While both tools serve their purposes well, what is even cooler is the research on cognition that inspired the creators of Coffitivity to create an ambient noise app in the first place. The Coffitivity website specifically links to this study, conducted by Ravi Mehta, Rui (Juliet) Zhu, and Amar Cheema, in The Journal of Consumer Research. In this study, the researchers conducted five experiments to test their theory that moderate levels (about 70 decibels) of ambient noise contributed to creative thinking. The study is about as fun to read as most research out there, but what it shows is more specifically how a little distraction can be a good thing when it comes to creativity:

“…our findings imply that instead of burying oneself in a quiet room trying to figure out a solution, walking out of one’s comfort zone and getting into a relatively noisy environment (such as a café) may trigger the brain to think abstractly, and thus generate creative ideas.”

The mild noise of a cafe allows for disfluency in cognition, which sounds like a bad thing, but really isn’t in creative thinking. Disfluency is an interruption essentially, and a certain level of disfluency in cognition allows for greater levels of abstract thinking which leads to creativity. It’s kind of like when you get that great idea when you are in the midst of washing dishes or performing a similar chore that is more habitual than thought intensive. In sum, it is a touch of distraction that allows creativity to flourish.
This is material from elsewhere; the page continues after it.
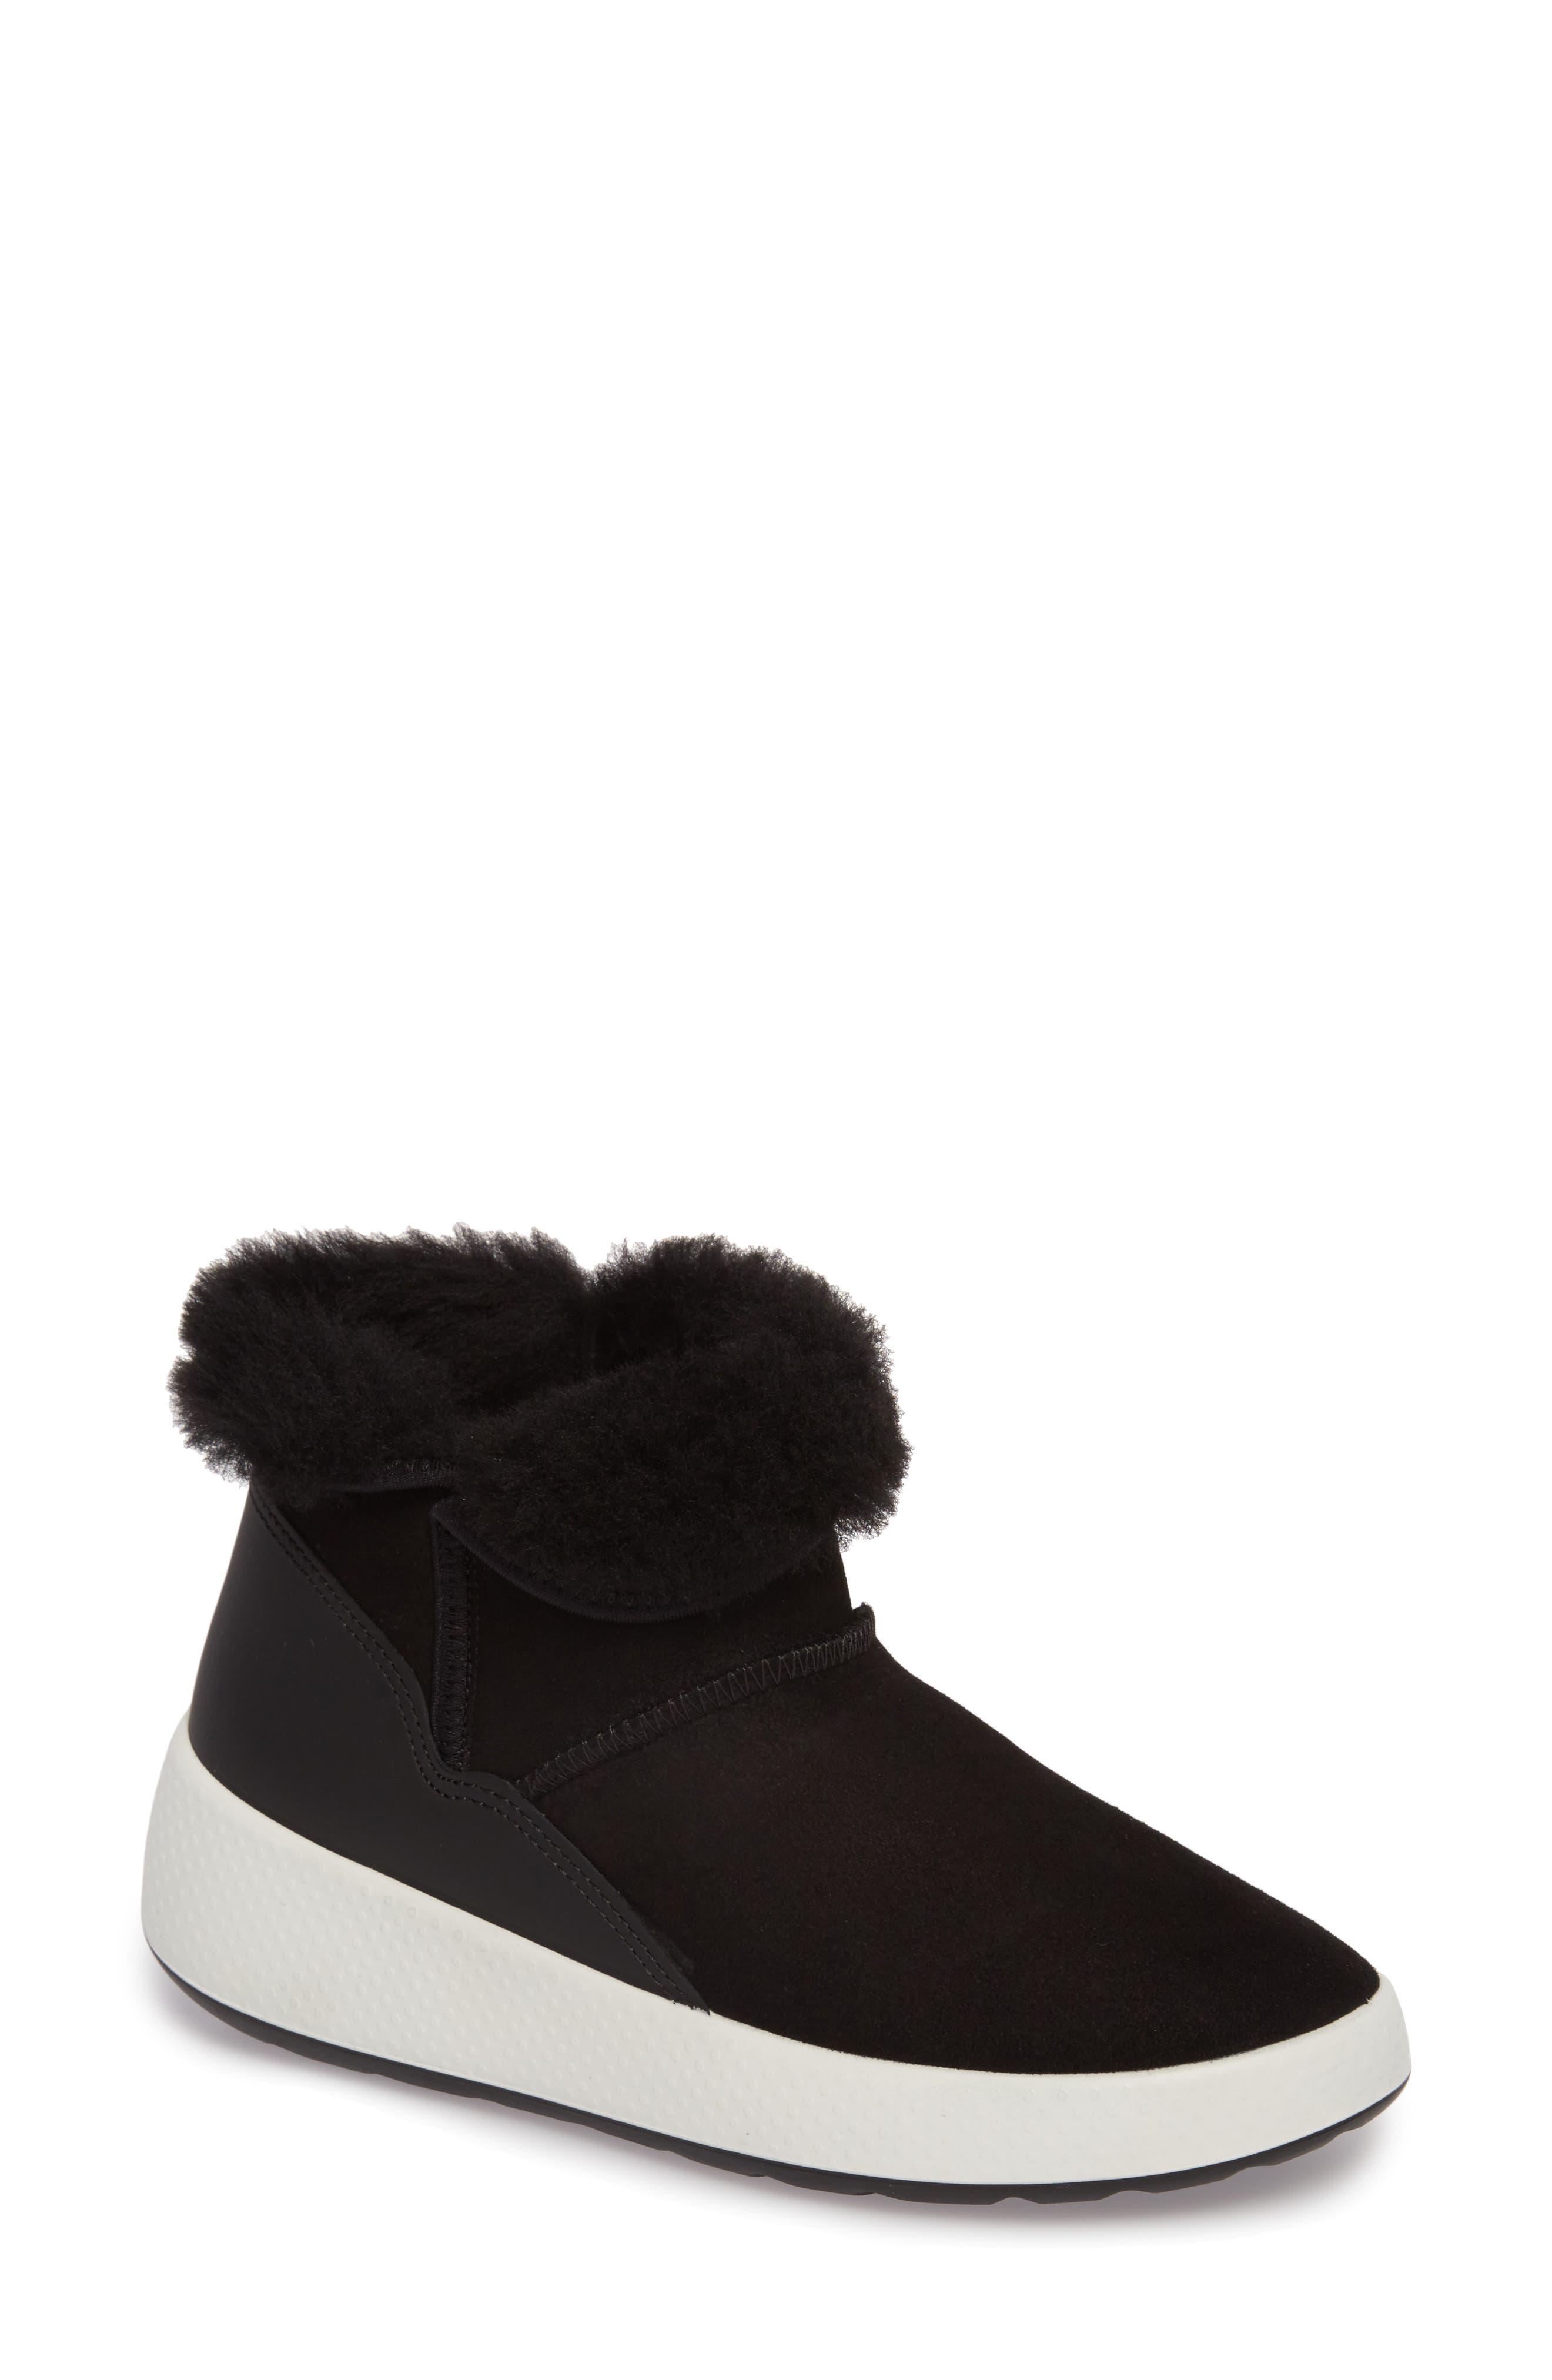 Ecco Ukiuk Genuine Shearling Boot, Black

Though one important thing the study notes is that moderate ambient noise also impacts the types of products we buy, particularly ones that support our creative endeavors, so try to avoid Amazon or a craft store while you listen to Coffitivity.

Ginnis Tonik

Ginnis Tonik

Smashing the patriarchy with glitter, pink lipstick, and cowboy boots. You can follow her on Instagram @ginnistonik

4 thoughts on “App Review: Promoting Productivity with Coffitivity

  1. I have an odd, personal question — obviously, if it’s too personal, please don’t answer! 🙂 I have a hard time working if it’s not fairly quiet. If there’s music on, I get distracted by lyrics; television, by what’s happening on-screen. On the other hand, when it’s quiet and I’m doing something relatively mindless (like handsewing beads), I have significant negative, intrusive thoughts that can spiral into very dark places. My question for you, if you choose to answer it, has that ever been a problem for you, and does ambient noise help you? (Thanks!)

    1. Hi Wendy, it’s been awhile since I have experienced that, but I do find more mindless tasks, depending on the task, call for different noise backgrounds. For a lot of mindless tasks, I usually can listen to music with lyrics. If lyrics are still too distracting, a good middle ground might be something along the lines of the Spotify Deep Focus playlist that I linked to in the article. Spotify has a lot of playlists in a similar vein, ones for meditation, different moods, etc. that might be worth looking into and experimenting.

      It seems like it might be a matter of how much cognitive energy does this task require vs. how much noise you can handle before sneaky hate spirals start?